*What this task involves*.
Print the data verbatim. Leave every image out.

=== Given information ===

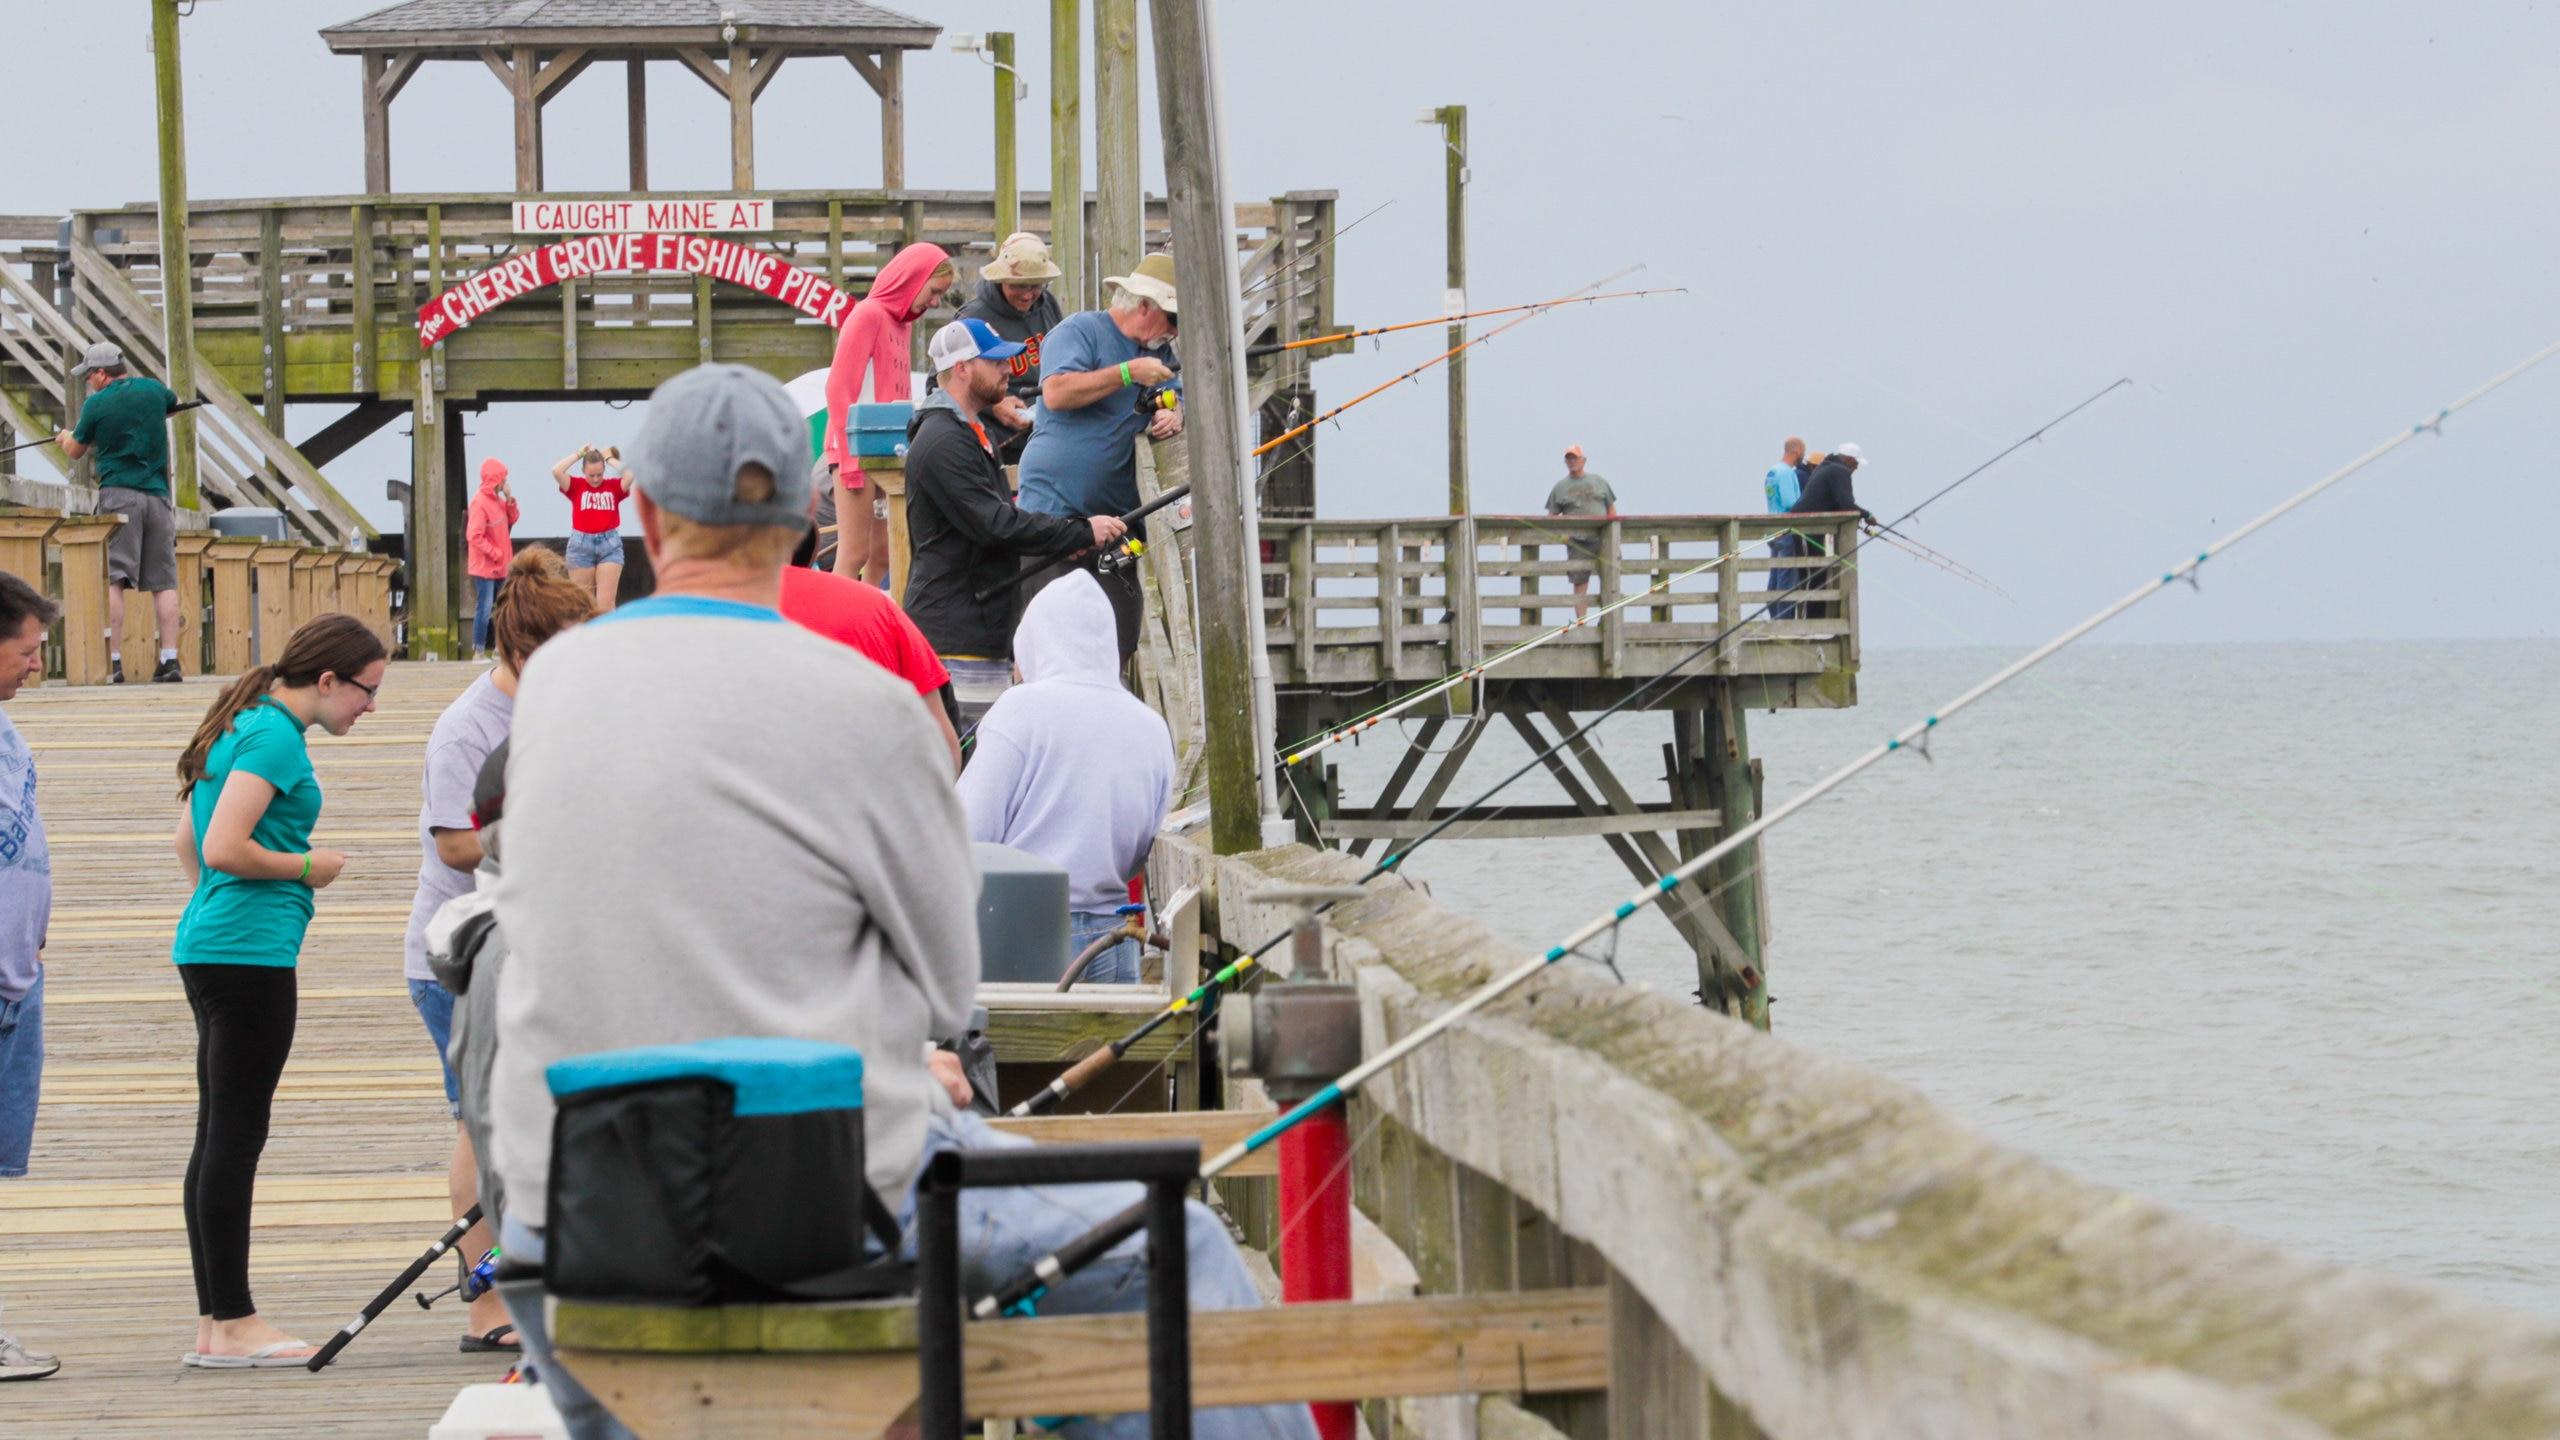 Cherry Grove Pier, North Myrtle Beach, South Carolina, United States of America
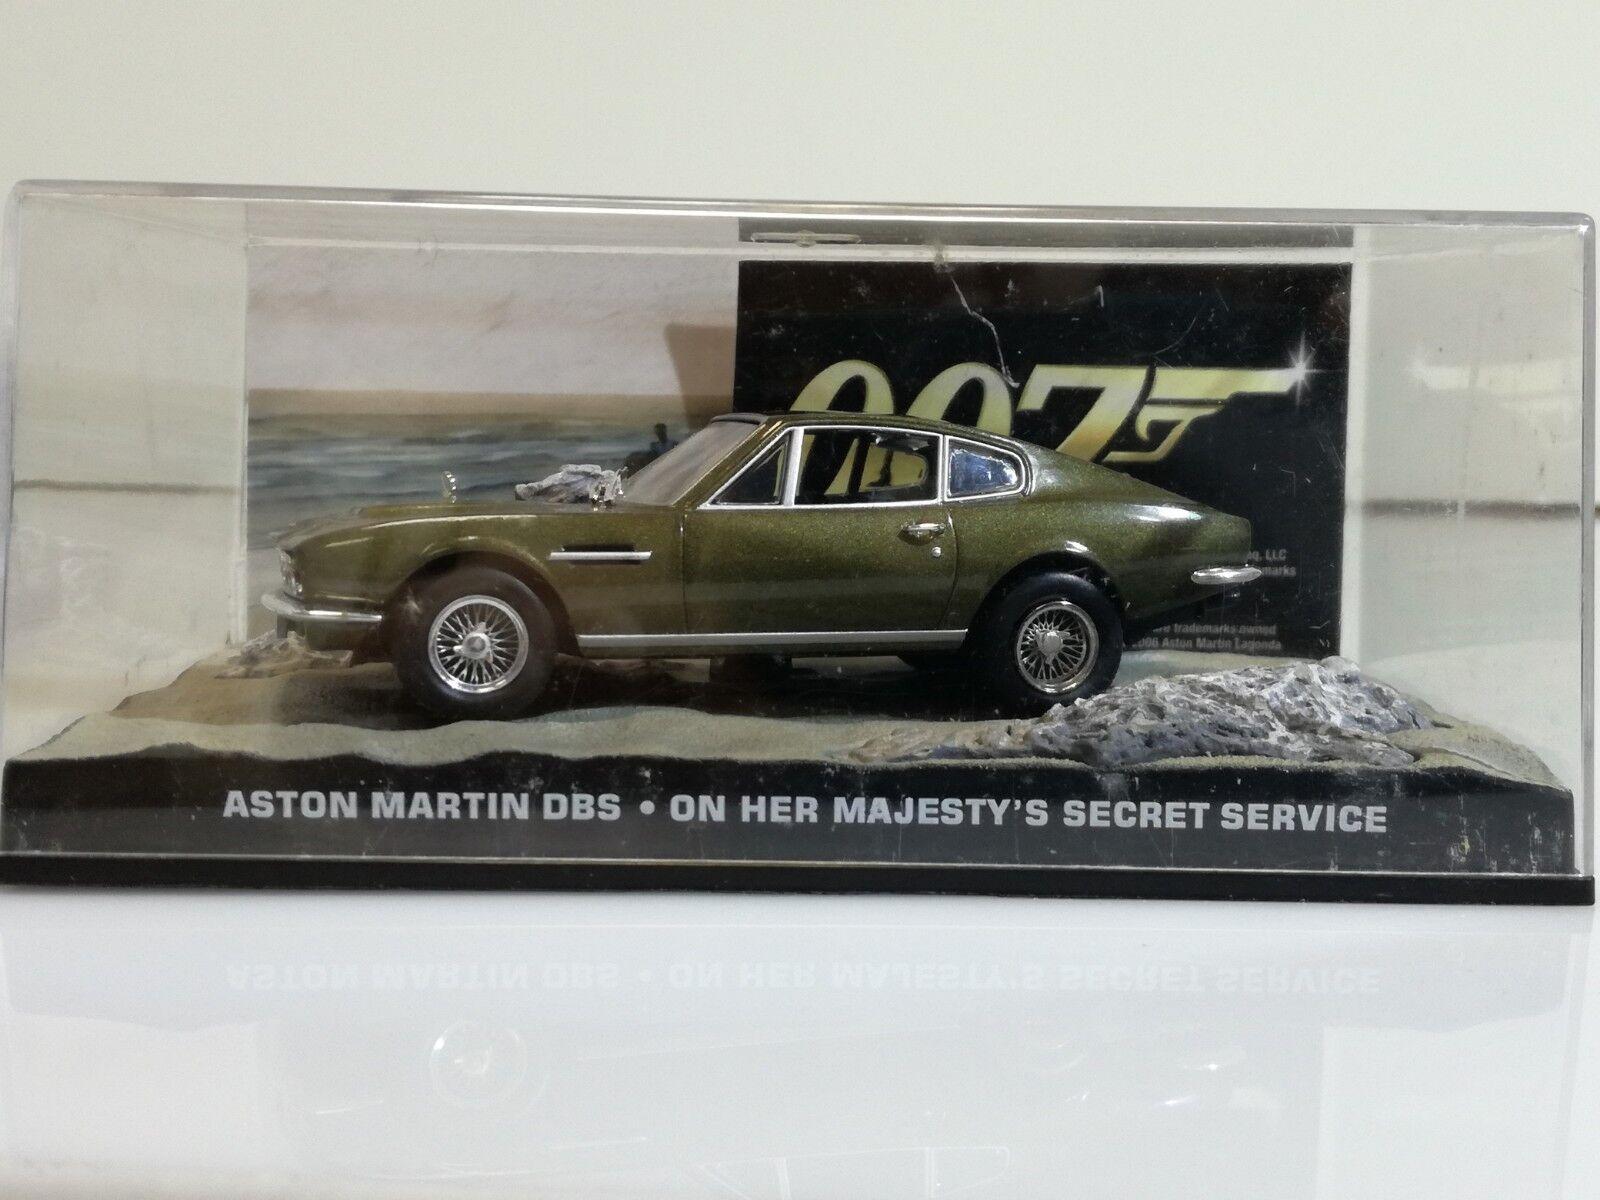 James Bond 007 - Aston Martin DBS - On her Majesty´s Secret Service
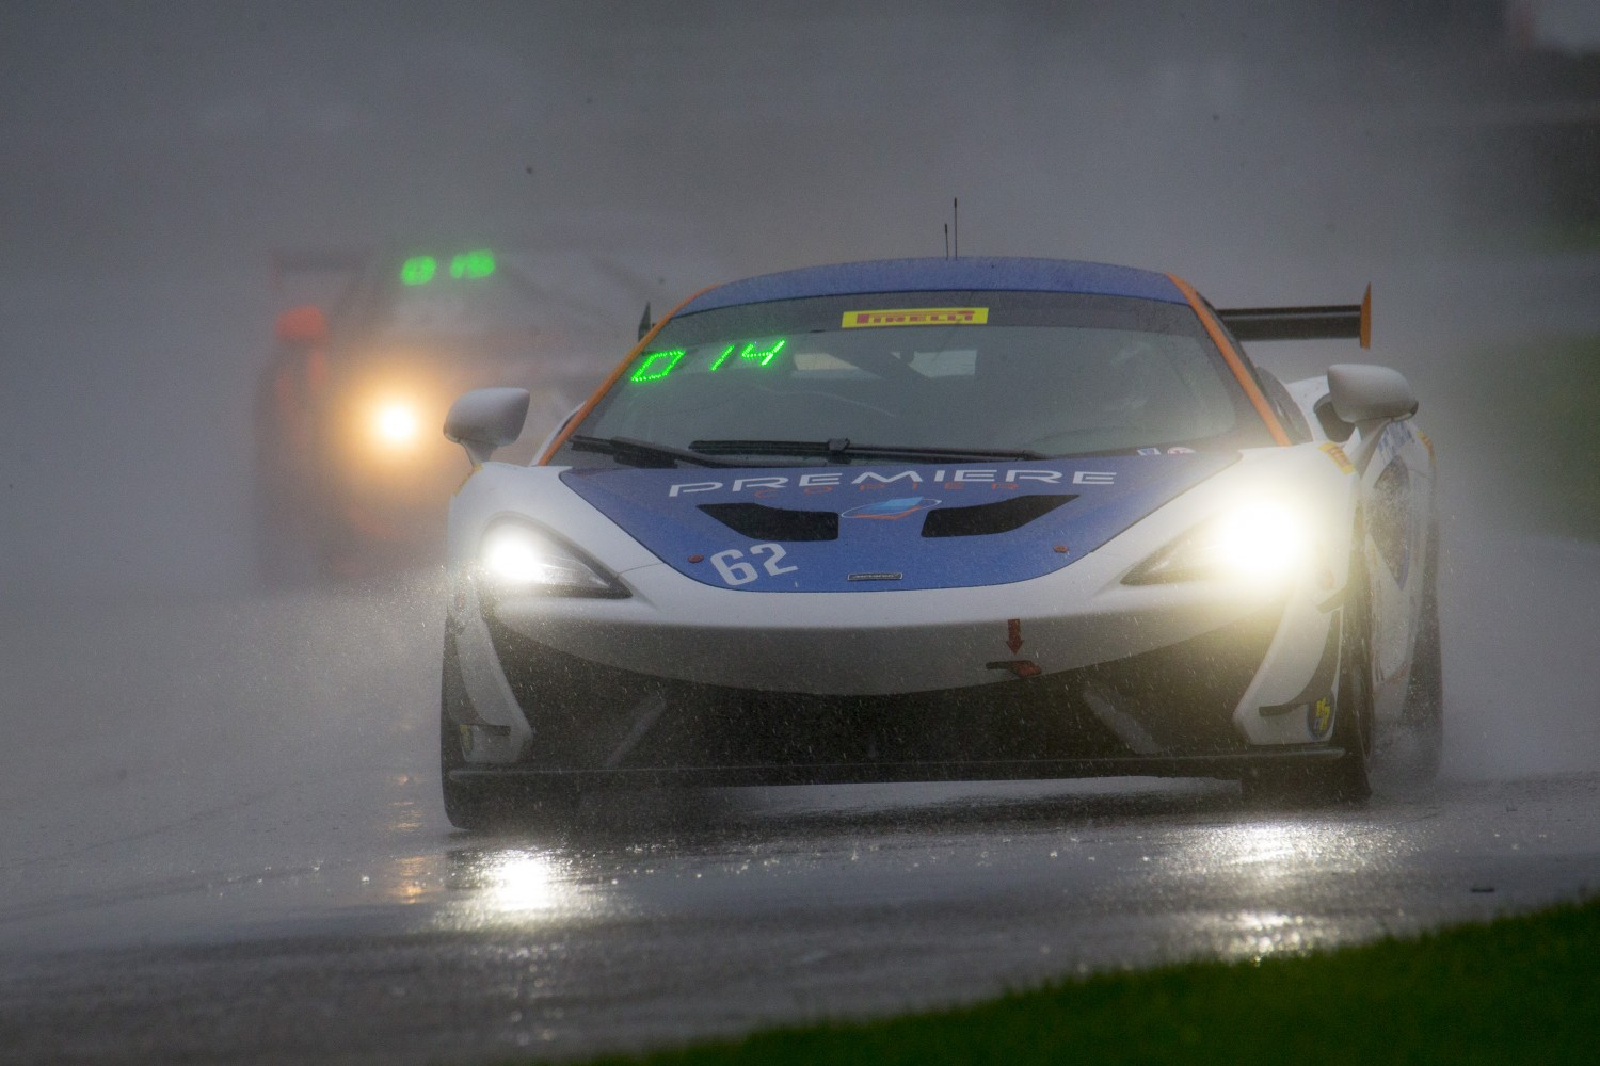 #62 McLaren 570S GT4, Mark Klenin, KFR, SRO Pirelli GT4 America, Road America, September 2019.

===

*Exercise solution*.
 Cherry Grove Pier, North Myrtle Beach, South Carolina, United States of America
 James Bond 007 - Aston Martin DBS - On her Majesty´s Secret Service
 #62 McLaren 570S GT4, Mark Klenin, KFR, SRO Pirelli GT4 America, Road America, September 2019.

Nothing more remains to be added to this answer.